Labyrinth Lord
- Labyrinth Lord Revised Edition
- Designers: Daniel Proctor
- Publishers: Goblinoid Games
- Publication: 2007 (original); 2009 (Revised Edition); 2025 (Revised & Expanded)
- Years active: 2007-present
- Genres: Fantasy
- Playing time: Varies
- Chance: Dice rolling
- Skills: Role-playing, improvisation, tactics, arithmetic
- Website: https://goblinoidgames.com

= Labyrinth Lord =

Role-playing game

Labyrinth Lord (LL) is a fantasy role-playing game written and edited by Daniel Proctor and published by Goblinoid Games. It emulates the rules and feel of Dungeons & Dragons (D&D) using the Open Game License (OGL) from Wizards of the Coast. LL is based on the 1981 D&D Basic Set edited by Tom Moldvay and its accompanying Expert Set by David "Zeb" Cook.

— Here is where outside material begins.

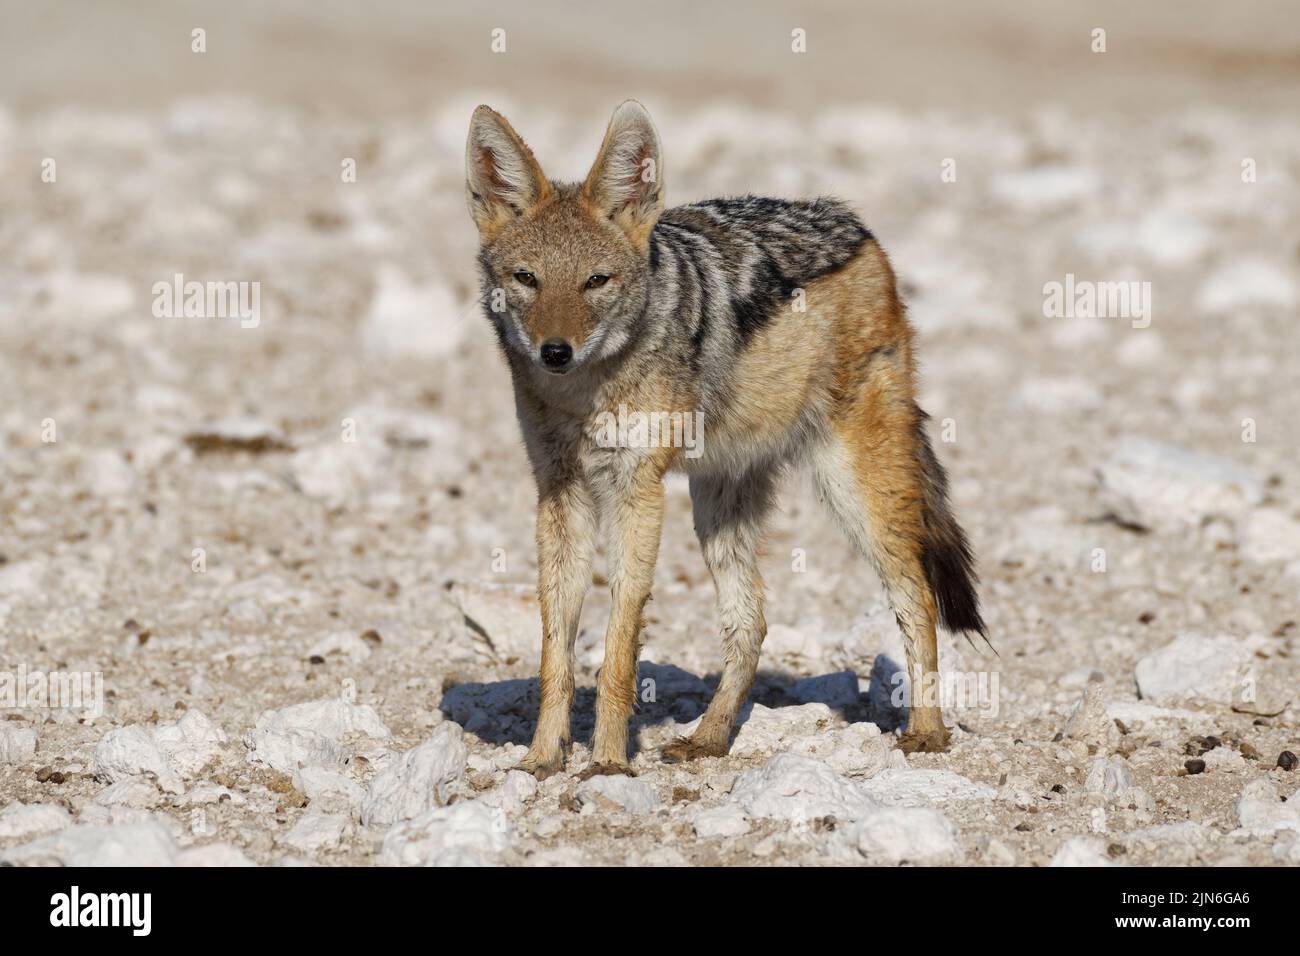 Black-backed jackal (Canis mesomelas), adult standing on arid ground, alert, Etosha National Park, Namibia, Africa Stock Photo

==Compatibility with classic Dungeons & Dragons==
Any adventure intended to be played with classic D&D can be run using LL with little or no adjustment. However, there are a few differences between the two games. It extends the rules so characters can advance to 20th level (the 1981 Expert set only included levels up to 14). In addition, the cleric class in LL can cast spells at first level, unlike in the 1981 rules.

==Distribution==
Goblinoid Games was the first retro-clone publisher to both make most content open under the OGL and create a free trademark license with few restrictions. The material contained in the LL rules is available to others with few restrictions, allowing fans and other publishers alike to create their own derivative material for use with the system.

==Reception==
Labyrinth Lord was a runner up in the Indie RPG Awards Best Free Game category in 2007, and it received an Honorable Mention in the Best Game category of the 2010 ENnies.

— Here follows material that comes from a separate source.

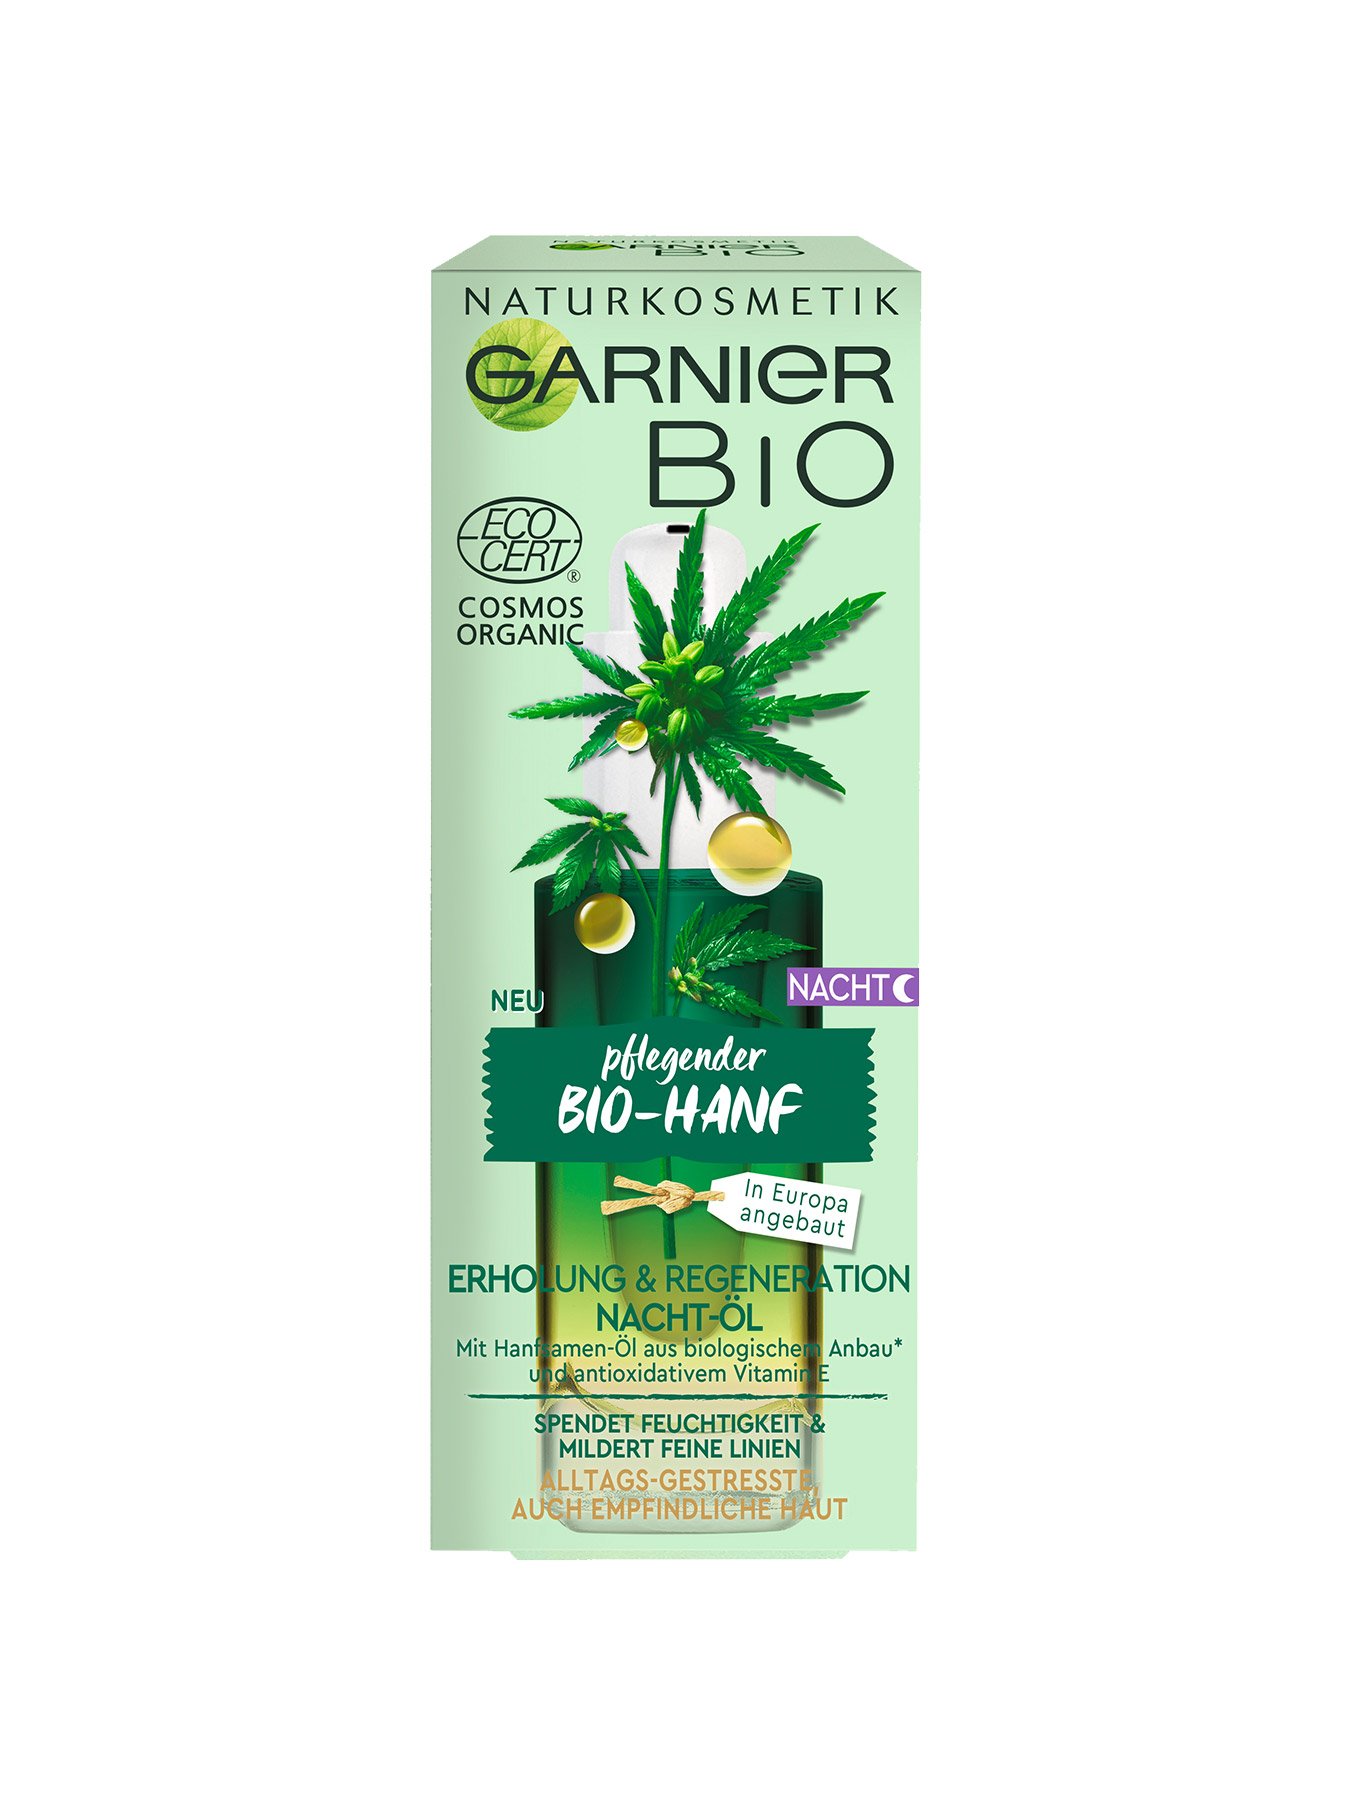 Bio Garnier Pflegendes Bio-Hanf | Nacht-Öl Garnier

The Escapist recommended Labyrinth Lord in their 2009 Holiday Buyer's Guide. Comparing its tone to 4th Edition D&D's "zany, over-powered sensibility", they wrote, "Labyrinth Lord feels like a Vietnam War movie, where the dungeons are dark, wet, and terrifying, goblins murder all your friends with spiked-pit traps and crossbow bolts from the shadows, and you start to develop a thousand yard infravision stare from the spell shock."

Labyrinth Lord has been translated in German, with the subtitle Herr der Labyrinthe under the original English title. Bastian Ludwig made a positive review in Ringbote - das online Spielemagazin published by Pegasus Spiele, and also reviewed Labyrinth Lord material released in German, Die Larm-Chroniken (Moritz Mehlem, Mantikore-Verlag 2010). An Italian translation, subtitled Il Signore dei Labirinti has been published in 2009 under the Goblinoid Games logo.